= Charles Plympton Smith =

American politician

Charles Plympton Smith (born June 1, 1954, in Burlington, Vermont) is the Interim Executive Director of the Flynn Center for the Performing Arts in Burlington, Vermont. He is a former banker and politician from the U.S. state of Vermont who served in the Vermont House of Representatives. The son of banker and state senator Frederick Plympton Smith, he received a B.A. from Harvard College in 1978, following which he attended the University of Melbourne, Melbourne Australia on a one-year Rotary Foundation Scholarship. From 1975 to 1978 he served two terms in the Vermont House of Representatives, alternating semesters between Harvard and the legislature, which meets only in the spring. He was nominated by both the Democratic and Republican parties.

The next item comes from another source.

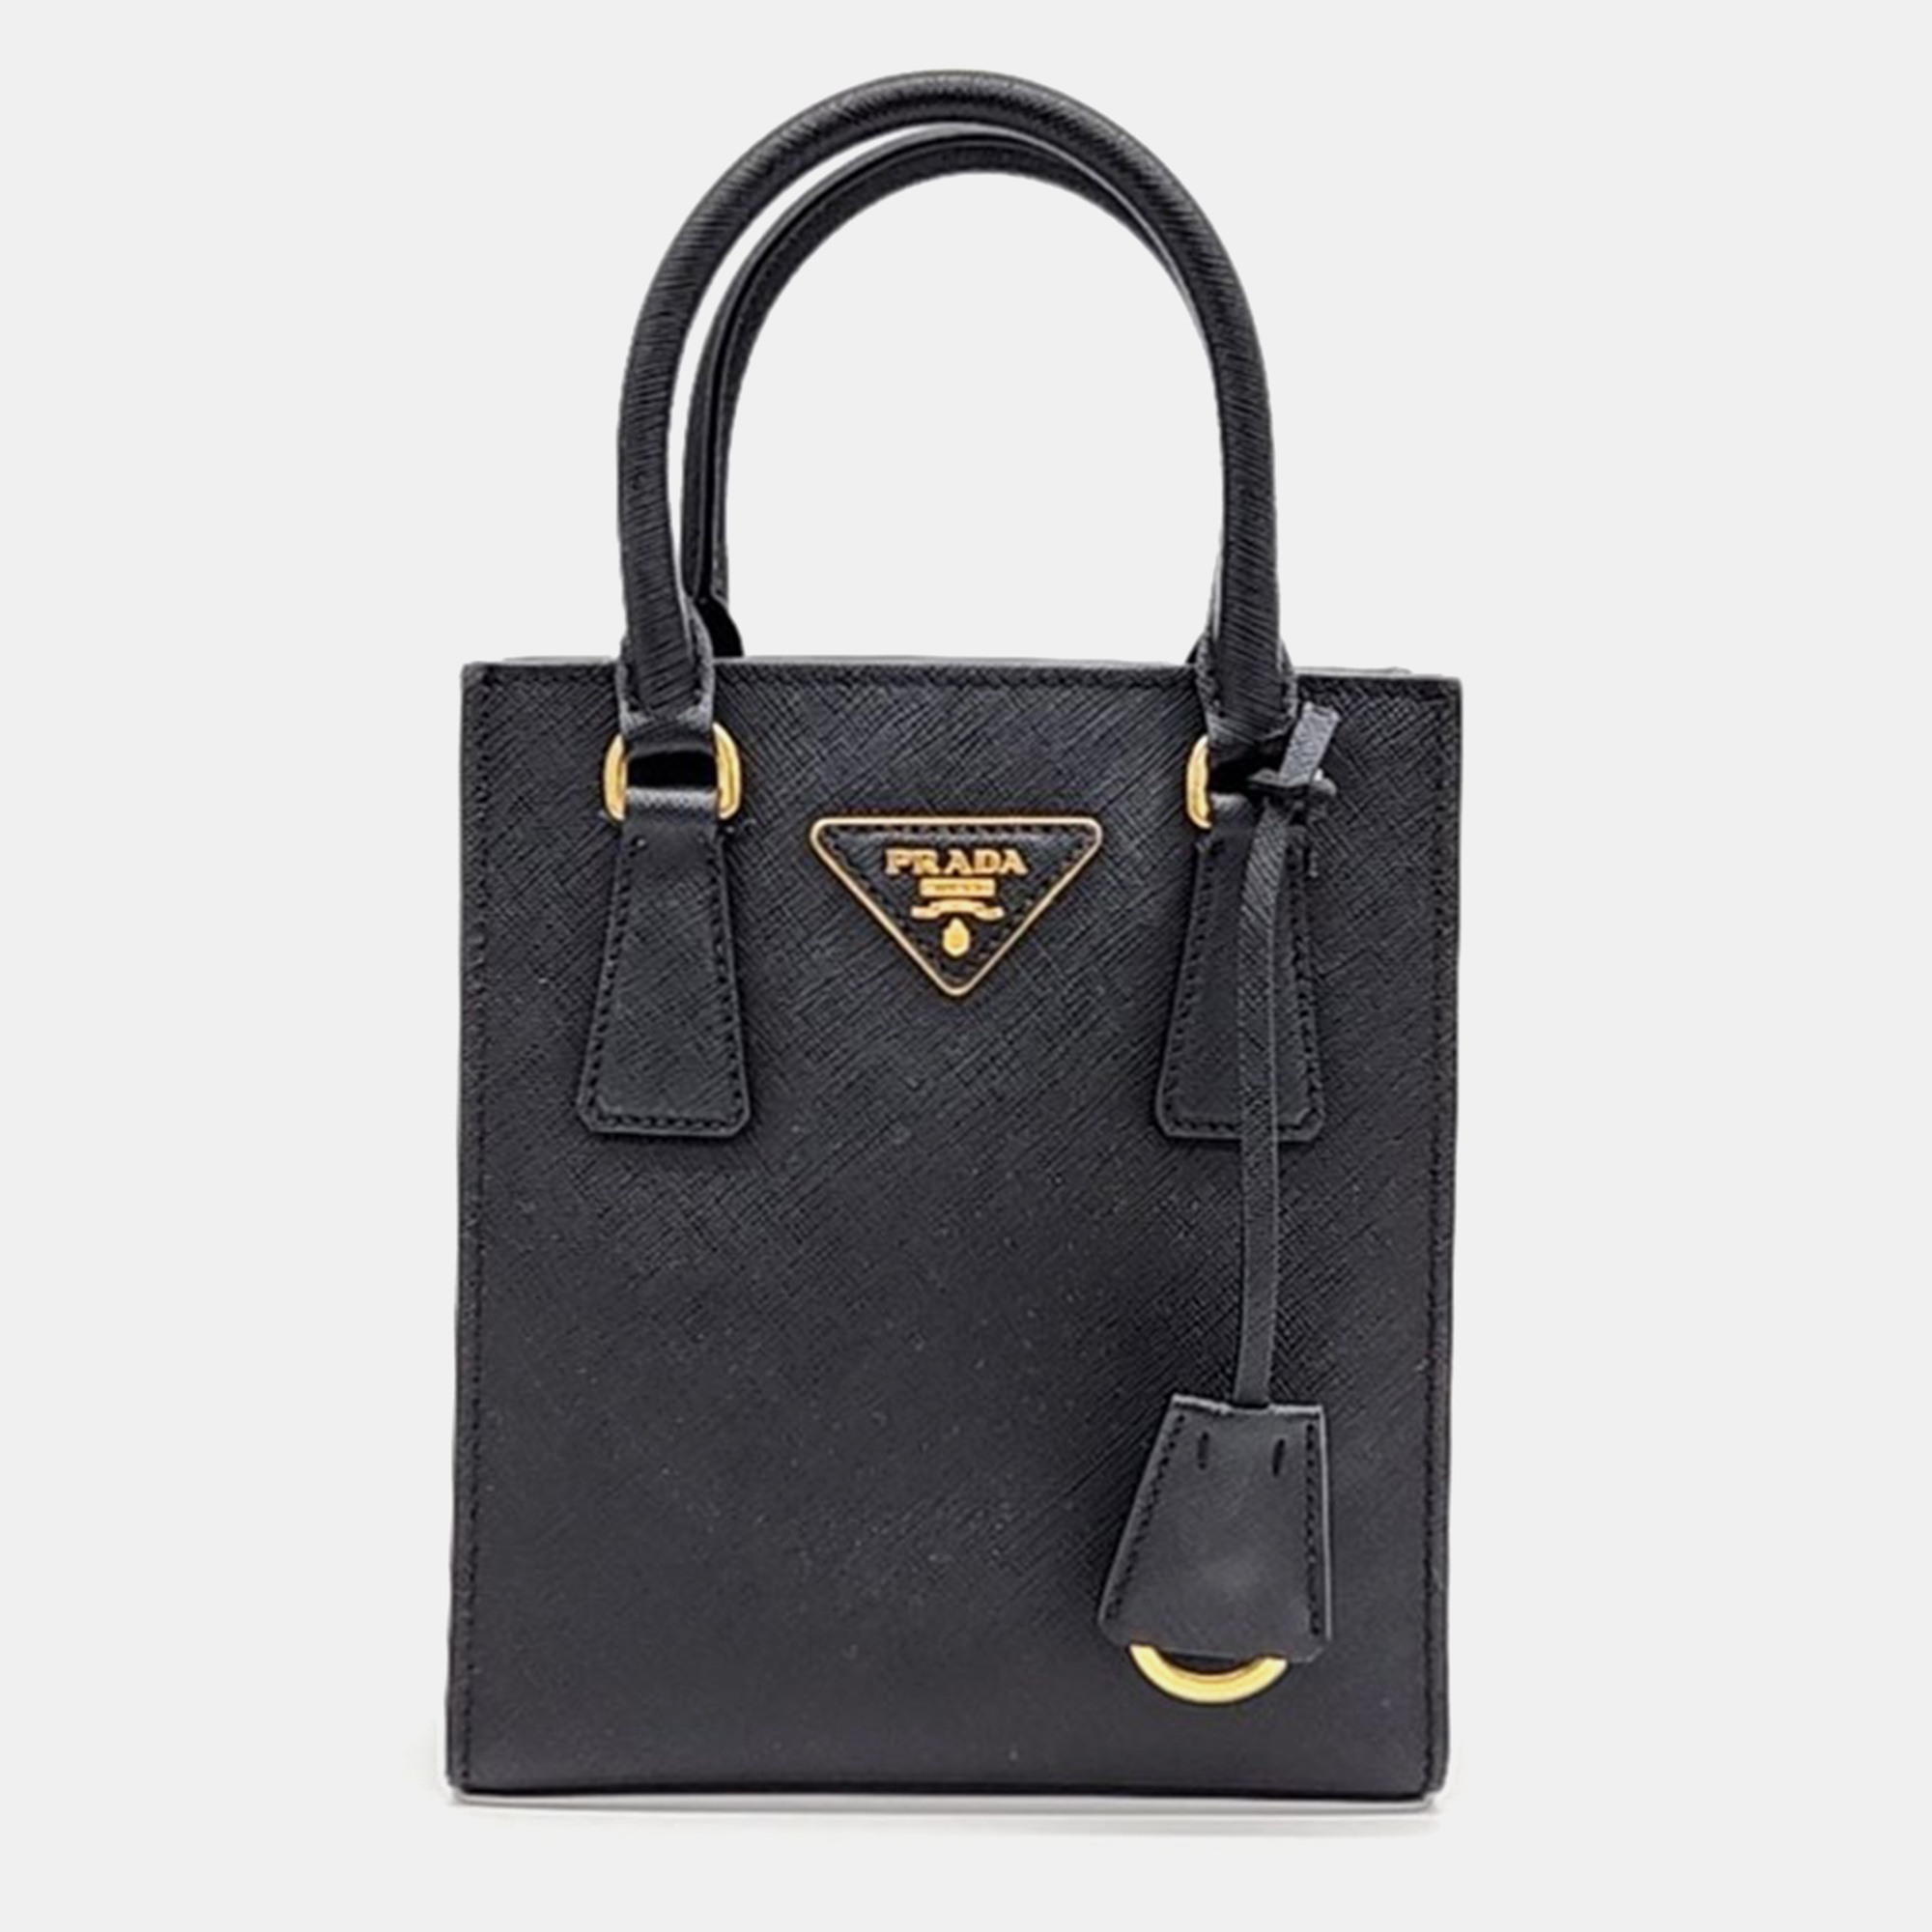 Prada hermes black saffiano leather lux crossbody bag

In 1980, he was appointed to the Vermont Public Service Board. From 1981 to 1983 he was staff director and administrative assistant for then-Congressman James Jeffords. From 1984 to 1987 he was vice-president of sales and marketing for Transphase Systems, Inc. in California. From 1988 to 1996 he was district vice-president of KeyBank, National Association in Burlington, Vermont, then president and senior commercial lender until 2002.

In January 2003, he was appointed secretary to the Vermont Agency of Human Services by Governor Jim Douglas. From February 2005 until March 2006 he was secretary of the Vermont Agency of Administration. On January 27, 2006, he was named president of the Snelling Center for Government and served in this role until November 2009.

He is now a management consultant residing in Burlington and has taken on interim roles such as president of Vermont PBS (2014–2015), president of the Vermont Symphony Orchestra (2015–2016), COO of Vermont Energy Investment Corporation (2016–2017), and most recently as executive director of the Flynn Center (2020–2021). He is also a principal in the building and management of the largest solar-power array in Vermont at Whitcomb Farm in Essex, Vermont.

Smith's board memberships include or have included Cathedral Square Corporation; New England Culinary Institute; Blue Cross and Blue Shield of Vermont (current chairman); Vermont Energy Investment Corporation; United Way of Chittenden County, as chair of its Community Investment Committee; Dental Dental of Vermont; Greater Burlington Industrial Corporation; and the board of trustees of Champlain College.

He lives in Burlington, Vermont, with his wife, Amy Mellencamp. They have two children: Emily Mellencamp Smith and Charles Plympton Smith V. Charles is the younger brother of former U.S. Congressman Peter Plympton Smith.